Milliyetçi Hareket Partisi (MHP) Kars İl Başkanlığı tarafından "Hocalı Katliamı" konulu panel düzenlendi. MHP Kayseri Milletvekili Yusuf Halaçoğlu, Van'ın 1915'te Ermeni ve Rusların birlikte saldırıları sonrası düştüğünü hatırlatarak, "50 Türk kadını alınarak Akdamar Kilisesi'ne götürüldü. Götürülürken kadınlar iffetlerini korumak için kendilerini göle attılar ve iffetlerini korudular. Ama maalesef biz onlar için oraya bir iffet anıtı dikemedik." diye dert yandı. Serhat Boyları Derneği'nin katkılarıyla organize edilen panel, Kars Halk Eğitim Çok Amaçlı Salonu'nda yapıldı. Moderatörlüğünü MHP MYK Üyesi Muharrem Yıldız'ın yaptığı panele MHP Kayseri Milletvekili Prof. Dr. Yusuf Halaçoğlu, MHP Iğdır Milletvekili Sinan Oğan, Azerbaycan Milletvekili Aydın Mirzezade'nin konuşmacı olarak katıldı. Panelde Hocalı Katliamı'nda yaşanan olaylar gündeme getirildi. Türkiye ve Azerbaycan milli marşlarının okunması, Kur'an-ı Kerim tilavetinin ardından başlayan programda; Azerbaycan Cumhuriyeti'nin resmi açıklamasına göre saldırıda 106'sı kadın, 83'ü çocuk olmak üzere toplam 613 Azerbaycanlı vatandaş hayatını kaybettiği anlatıldı. Hocalı Katliamı; Karabağ Savaşı sırasında 26 Şubat 1992 tarihinde Azerbaycan Cumhuriyeti'nın Dağlık Karabağ bölgesindeki Hocalı kasabasında yaşanan ve Azeri sivillerin Ermenistan'a bağlı kuvvetler tarafından toplu şekilde katledildiği de hatırlatıldı. Ayrıca, İnsan Hakları İzleme Örgütü'nün, Hocalı Katliamı'nı Dağlık Karabağ'ın işgalinden bu yana gerçekleşen en kapsamlı sivil katliamı olarak nitelendirdiği de düşülen notlar arasında yerini aldı.
DERTLERİMİZ ORTAK MHP Kars İl Başkanı Yaver Özcan, yaptığı açılış konuşmasında şunları söyledi:"Hocalı'da yaşanan zulüm ve soykırımı unutmamak, unutturmamak için bugün bir aradayız.
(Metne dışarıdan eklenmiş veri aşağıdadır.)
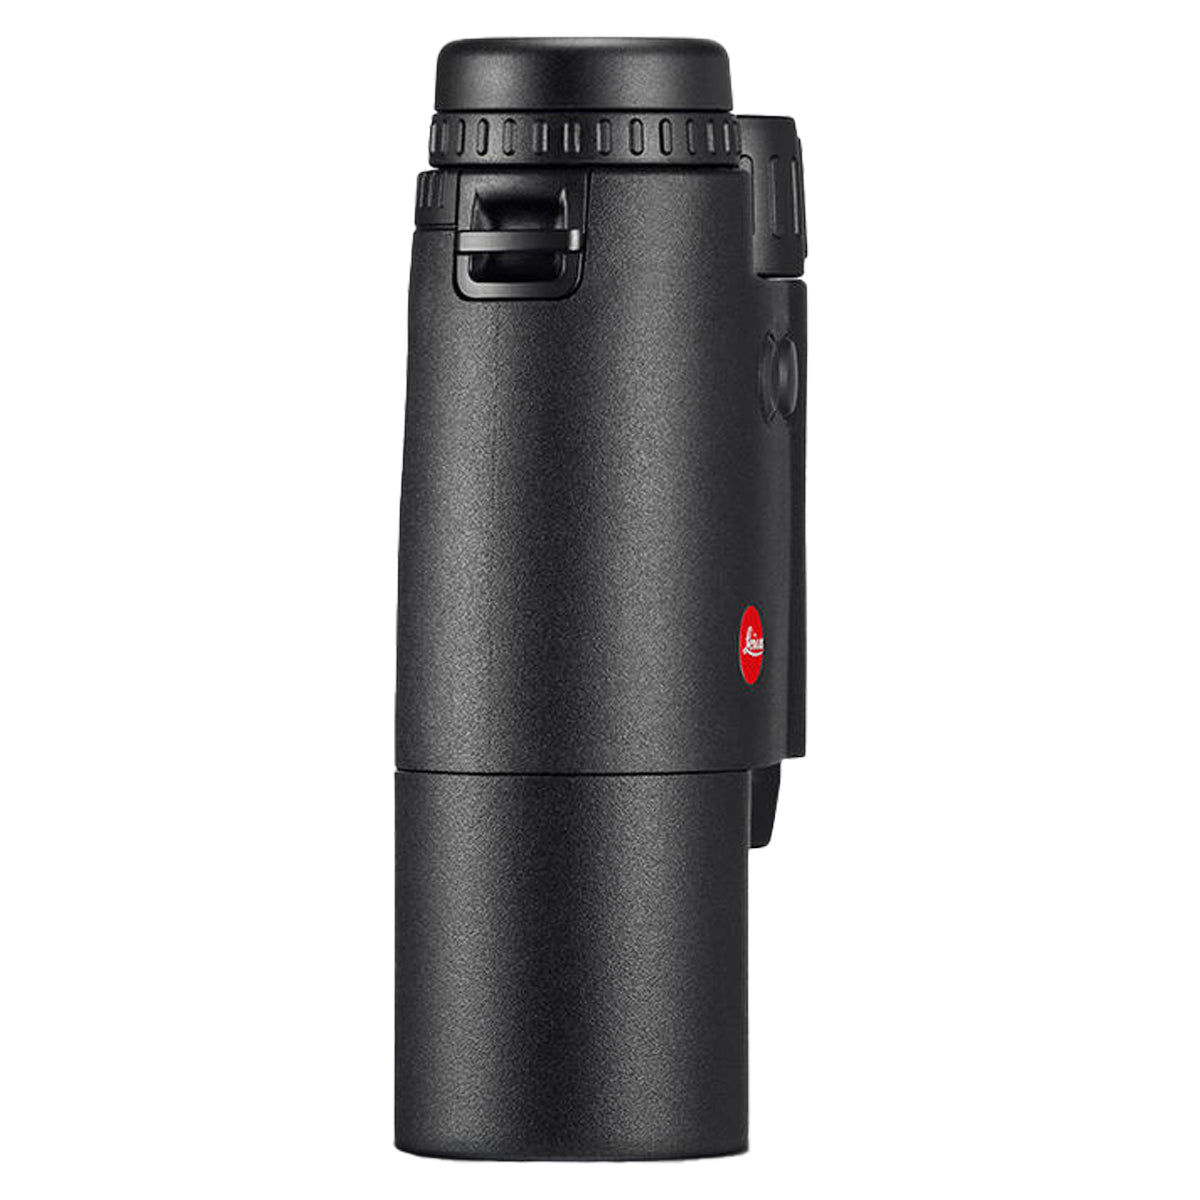 Leica Geovid-R 10x42 Rangefinding Binocular in  by GOHUNT | Leica - GOHUNT Shop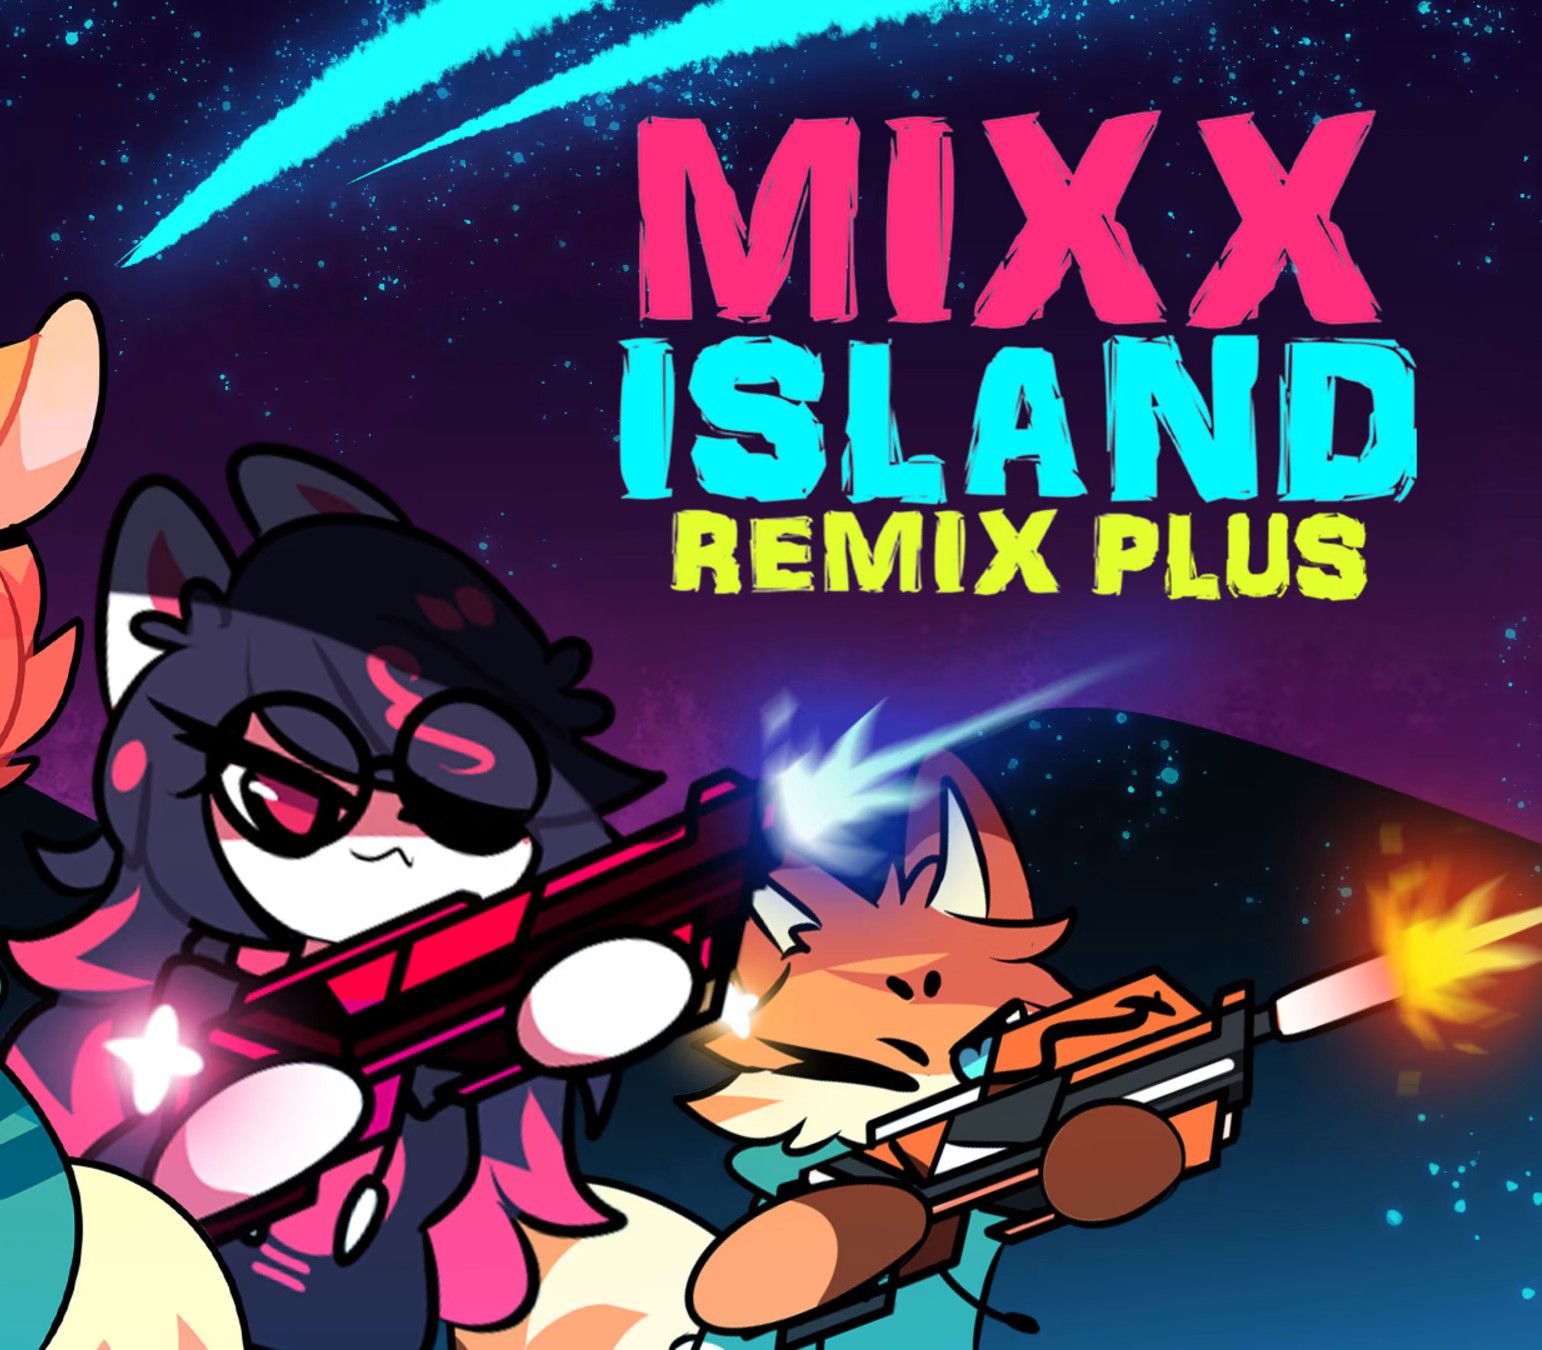 Mixx Island Remix Plus EU Nintendo Switch CD Key

Her şart altında Azerbaycan Türkü'nün bütün dertleri, Anadolu Türkü'nün derdi olmaya devam edecektir."
AZERBAYCAN TOPRAKLARINDA ERMENİSTANI KURMAYI HEDEFLEMİŞTİ Panelin başkanlığını yürüten MHP MYK Üyesi Muharrem Yıldız da şöyle konuştu:"Azerbaycan'da yapılan katliamda orada yaşayan Azerbaycan Türkleri savunmasızdı, silahsızdı. Bir gece yarısı orada yaşayan Azerbaycan Türklerini katlettiler. Fakat bunu anlamak lazım ki Azerbaycan topraklarında Ermenilerin ne işi vardı ve ne yapmak istiyorlardı. Ermeniler, Azerbaycan toprakları üzerinde Ermenistan kurmayı hedeflemiş ve bunu da başarmışlardı. Fakat ilerleyen süreçler içerisinde kurulan cumhuriyet yeterli değildi ve sınırları genişletmek istiyorlardı. Tekrar Anadolu topraklarına göz dikmişlerdi ama cesareti ve gücü olmadığı için yeni kurulan Azerbaycan Cumhuriyeti'ne ve Azerbaycan topraklarına, Karabağ'a doğru sınırlarını genişletmek için yola çıkmışlardır. Hocalı'da yaşanan katliamla birlikte başka bir şeyi de başarmak istiyorlardı. Bu da o şehirlerde buna benzer katliamlar gerçekleştirerek oradaki insanları korkutarak, yıldırarak terk etmelerini sağlamaktı.
Türk Milliyetçileri ve Milliyetçi Hareket Partisi sadece Azerbaycan'da değil, dünyanın neresinde bir Türk varsa o Türk'ün derdiyle dertlenmiş, sevinciyle sevinmiştir. Bu nedenle bu günün Milliyetçi Hareket Partisi tarafından hazırlanması da ayrı bir anlam kazanmıştır."

----------